We have demonstrated that our computational framework HACKS could effectively deconvolve heterogeneous subcellular protrusion activities into distinct protrusion phenotypes, establish an association between the each protrusion phenotype and the underlying differential actin regulator dynamics, and reveal specific phenotypes susceptible to pharmacological perturbations. Although previous studies have examined the spatiotemporal patterning of cell edge dynamics11,43,44,45, our study is the first to propose an effective framework to analyze the temporal heterogeneity in protrusion activities at the subcellular level and identify the subcellular protrusion phenotype. Together with the functional assays, we identified “strongly accelerating protrusion” susceptible to the pharmacological perturbations. Although previous studies also described persistent protrusion based on protrusion distance on longer time scales11,13,37,46, we first dissected protrusion phenotypes at fine spatiotemporal scales and quantitatively characterized persistently “accelerating protrusion”. Intriguingly, accelerating protrusion was later shown to be regulated by distinct actin regulator dynamics, although they accounted for a minor portion of the entire sampled protrusions. This finding indicates that identifying even a small subset of phenotypes is crucial to fully understand the mechanism underlying heterogeneous cellular behaviors.

We were also able to quantitatively measure how the underlying molecular dynamics are coordinated with protrusion phenotypes, thereby revealing the hidden variability of molecular regulatory mechanisms. Elucidating exact regulatory mechanisms related to protrusion heterogeneity has been difficult partly because it remains challenging to experimentally perturb a subset of molecules involved with specific subcellular phenotypes in situ. To address this challenge, our framework employed highly specific computational analyses. The result of our analyses provided quantitative and detailed information about the differential coordination between molecular dynamics and the protrusion phenotype at the subcellular level.
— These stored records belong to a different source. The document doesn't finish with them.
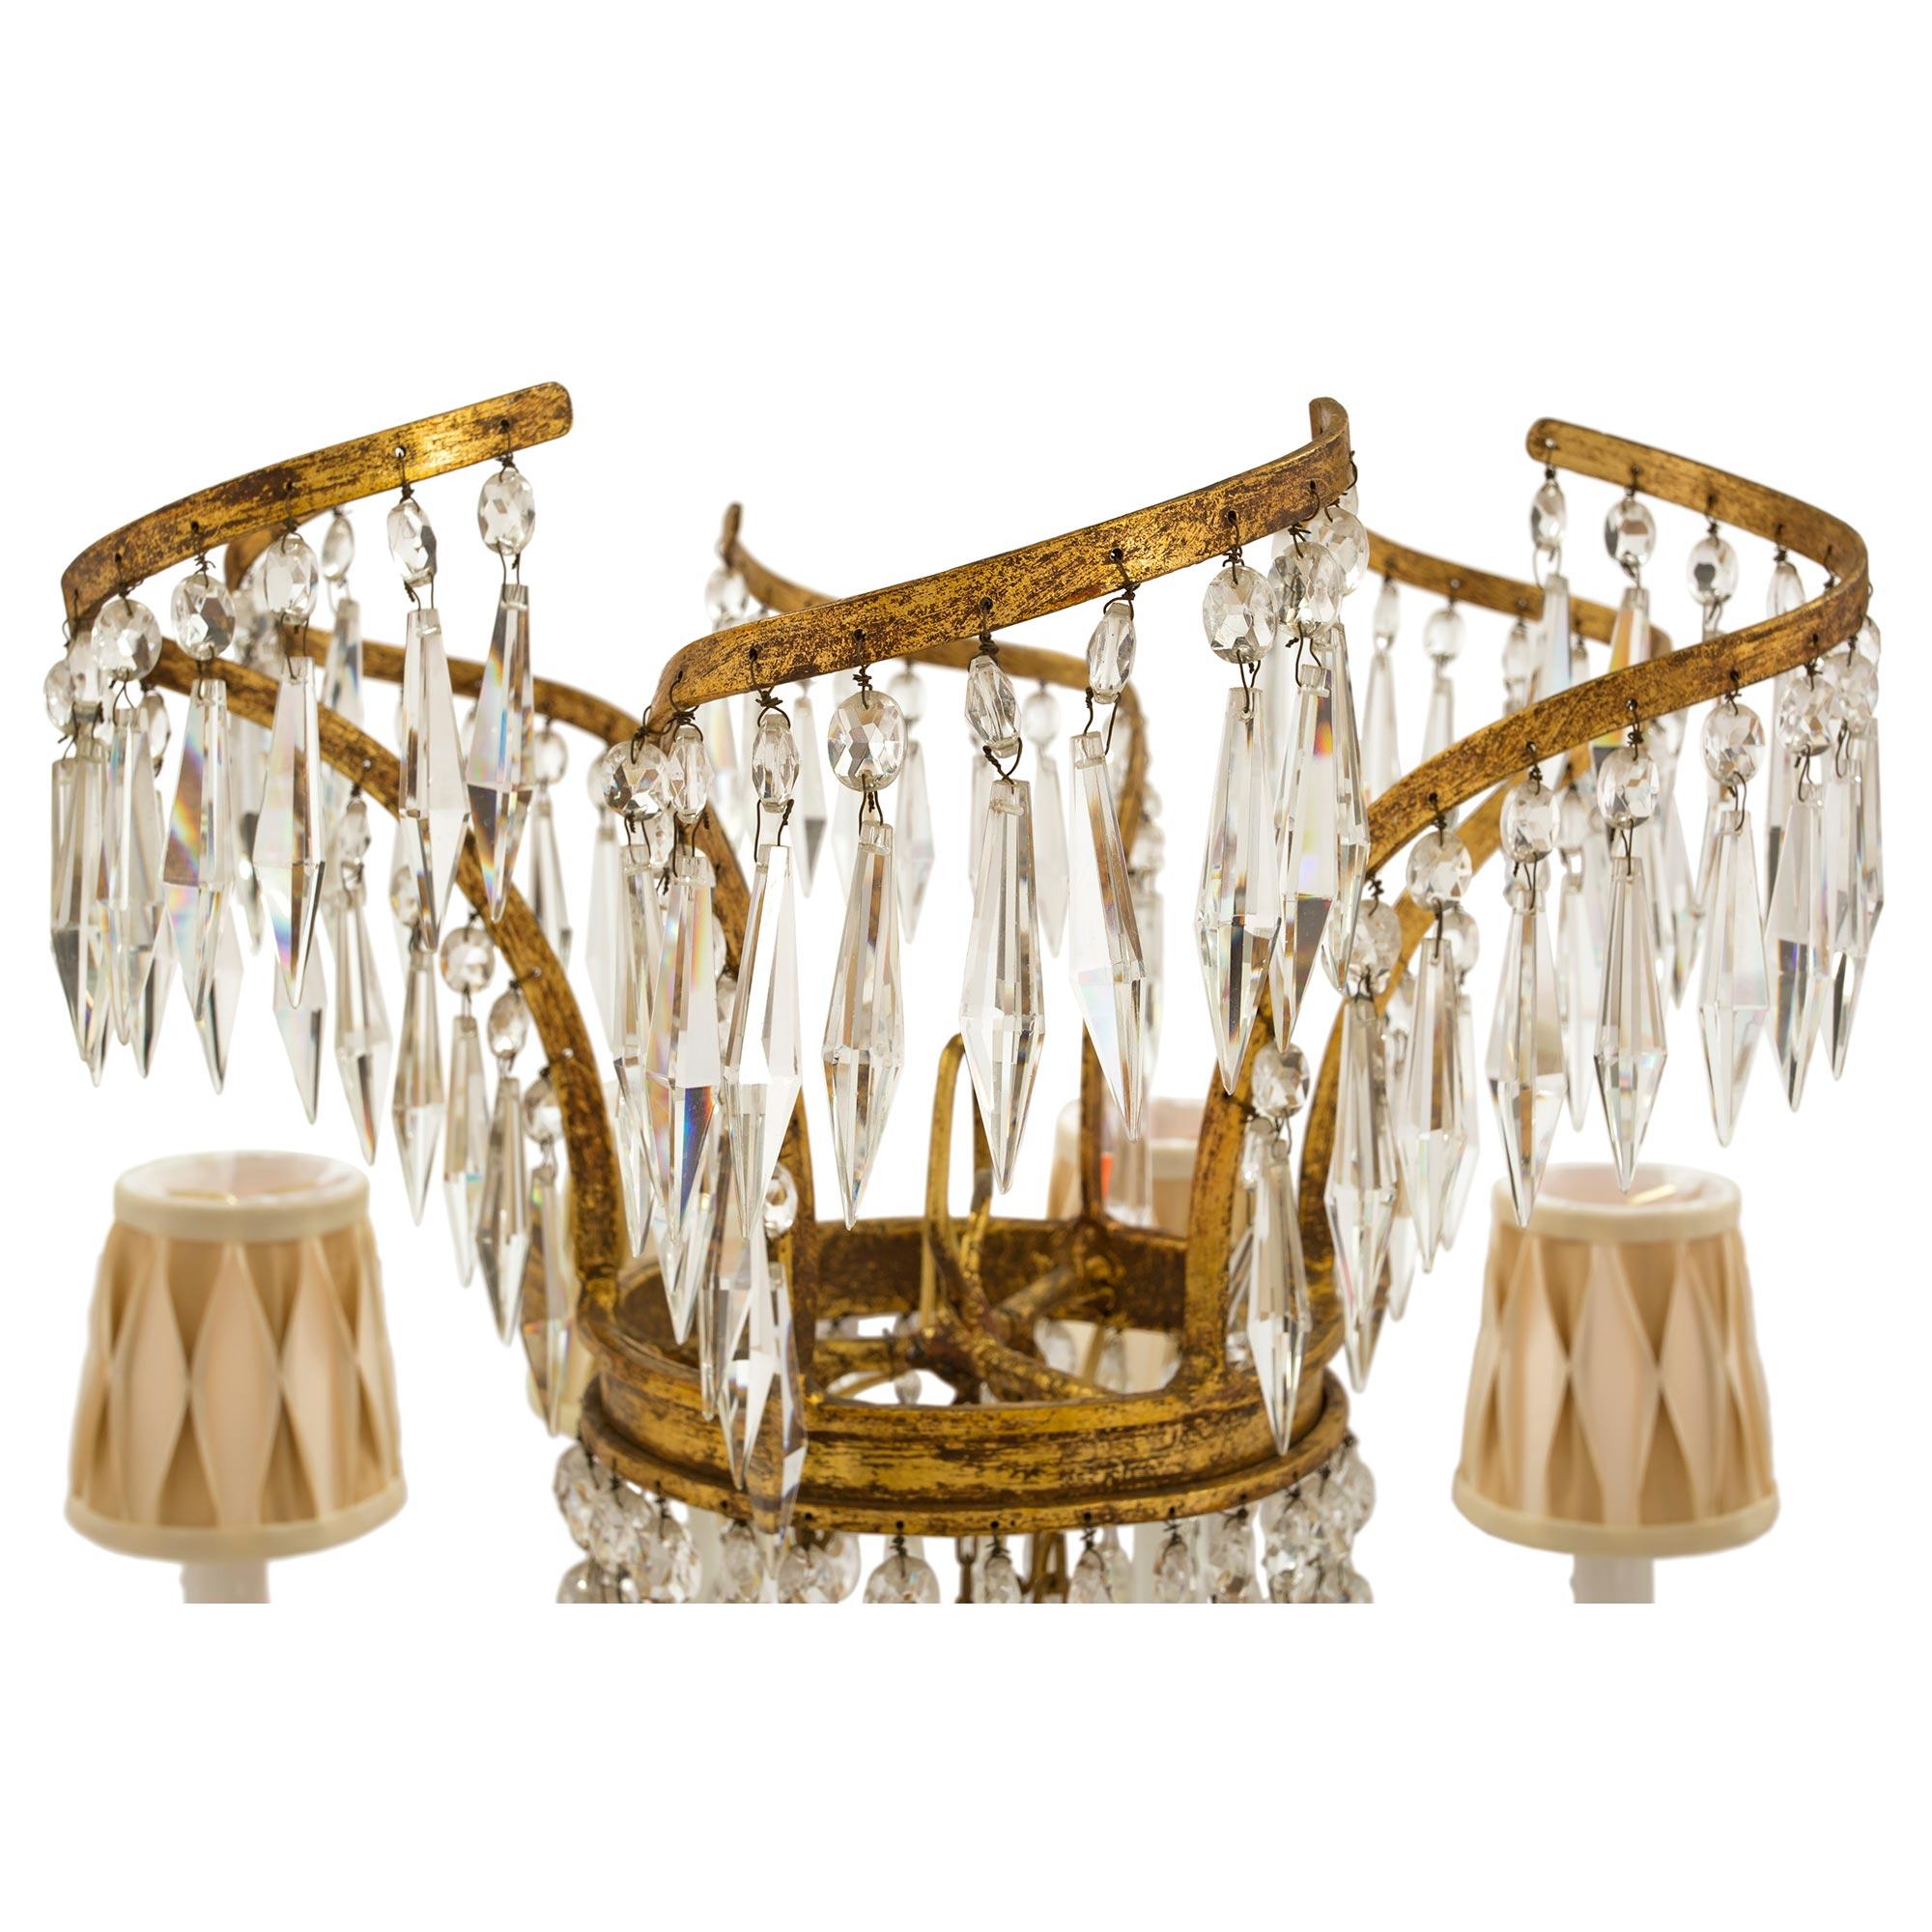 Un beau lustre balte néo-classique du 19ème siècle, en fer doré et cristal, à douze lumières. Le lustre est centré par un ensemble de cristaux prismatiques disposés en étoile de manière très décorative. Les bras de forme unique présentent des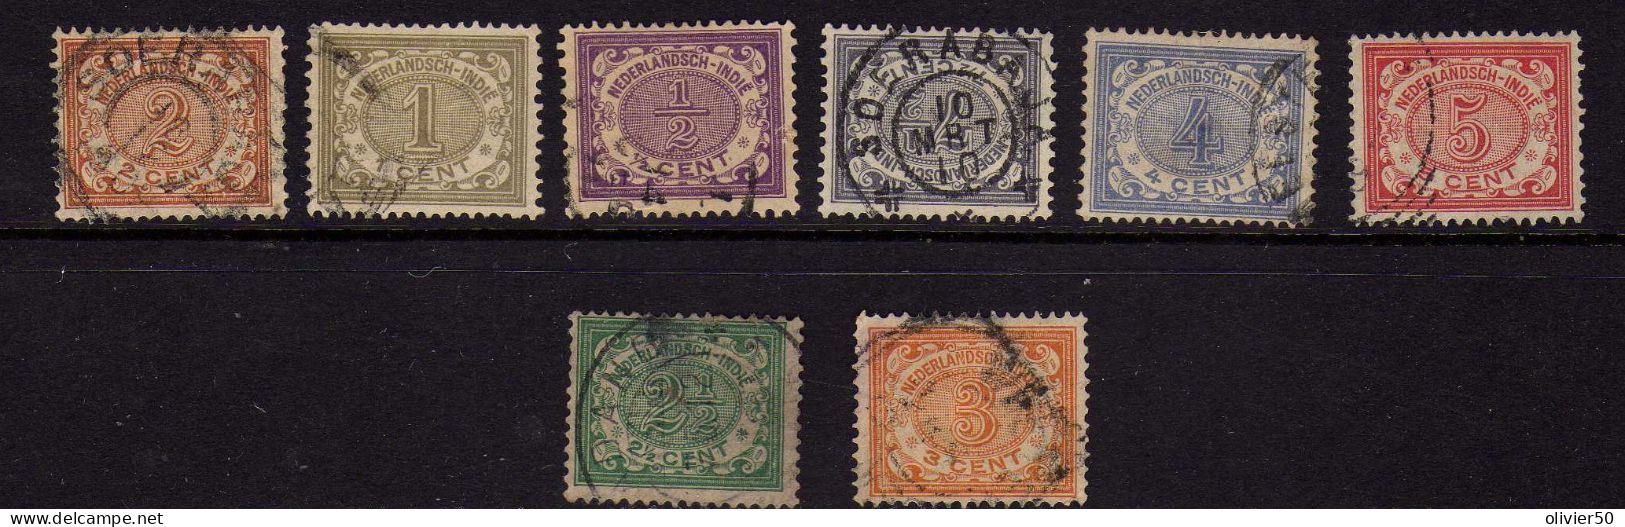 Indes Neerlandaises  (1902-1908) - Chiffres - Obliteres - Niederländisch-Indien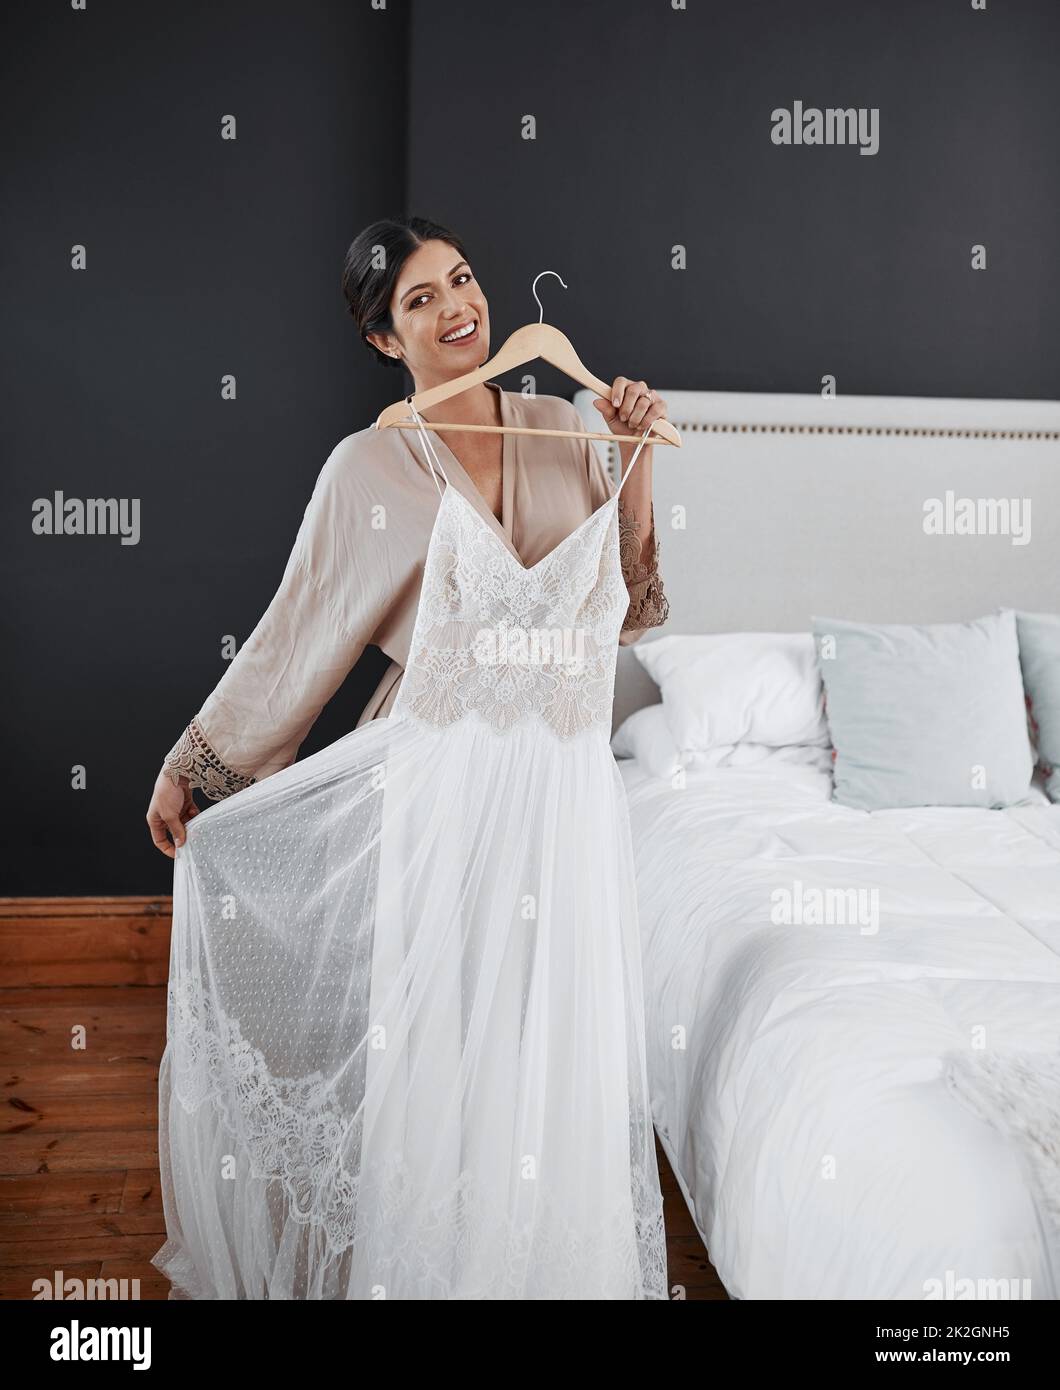 Meine großen Tage endlich hier. Ein Porträt einer attraktiven jungen Braut, die sich für ihre Hochzeitszeremonie in ihrem Schlafzimmer vorbereitet. Stockfoto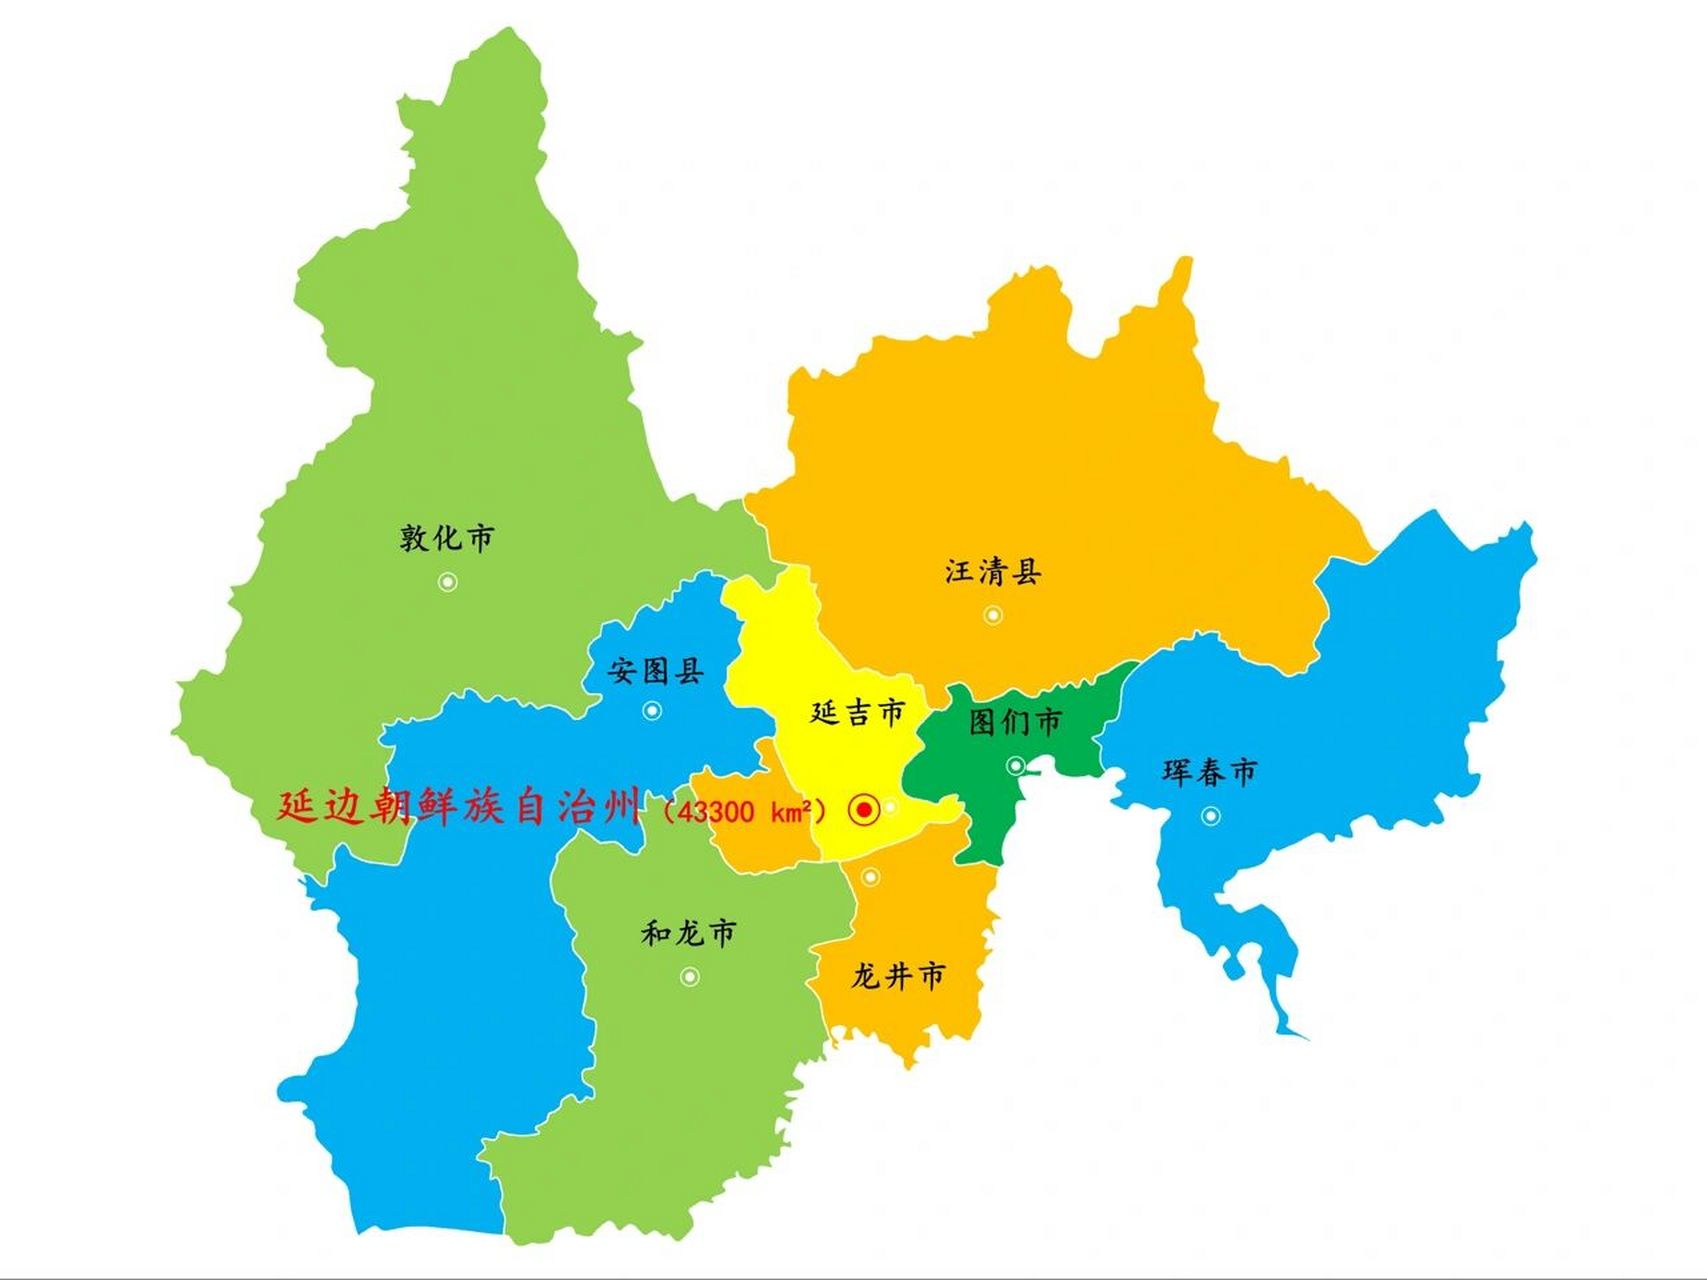 吉林·延边朝鲜族自治州景区景点65个1/2 下辖:6个县级市:延吉市,图们

We also demonstrated that we could deconvolve the heterogeneity of drug responses of cellular protrusions using our HACKS framework by mapping protrusion time-series to two-dimensional phenotypic space using t-SNE and our time series clustering results. This approach revealed the protrusion phenotypes susceptible to pharmacological perturbations and functionally validated our hypothesis drawn from the statistical analysis: the temporally ordered coordination between Arp2/3 and VASP drives the accelerating protrusion. To date, the Arp2/3 complex has been widely accepted as a master organizer of branched actin networks in lamellipodia that acts by nucleating actin filaments27, whereas VASP has been thought to be an elongator of actin filaments or anti-capper of the barbed ends30,31,35,47. In this study, we focused on the distinct recruitment dynamics of Arp3 and VASP identified in the accelerating protrusion phenotype (Cluster III). This suggested that Arp2/3-dependent actin nucleation provides a branched structural foundation for protrusion activity, and VASP-mediated actin elongation subsequently takes over to persistently accelerate protrusions. Our functional studies using CK666 and Cytochalasin D confirmed that this coordination is critical to strongly accelerating cell protrusion and the recruitment timing and duration of Arp3 and VASP is finely regulated to generate differential protrusion activities. Notably, VASP was reported to increase cell protrusion activities37,38,46, and has been implicated in cancer invasion and migration37,48,49. Thus, the coordination of Arp2/3 and VASP may regulate the plasticity of protrusion phenotypes, and the functional deregulation of VASP or its isoforms in cancer may promote cellular migratory behaviors by promoting accelerating protrusion.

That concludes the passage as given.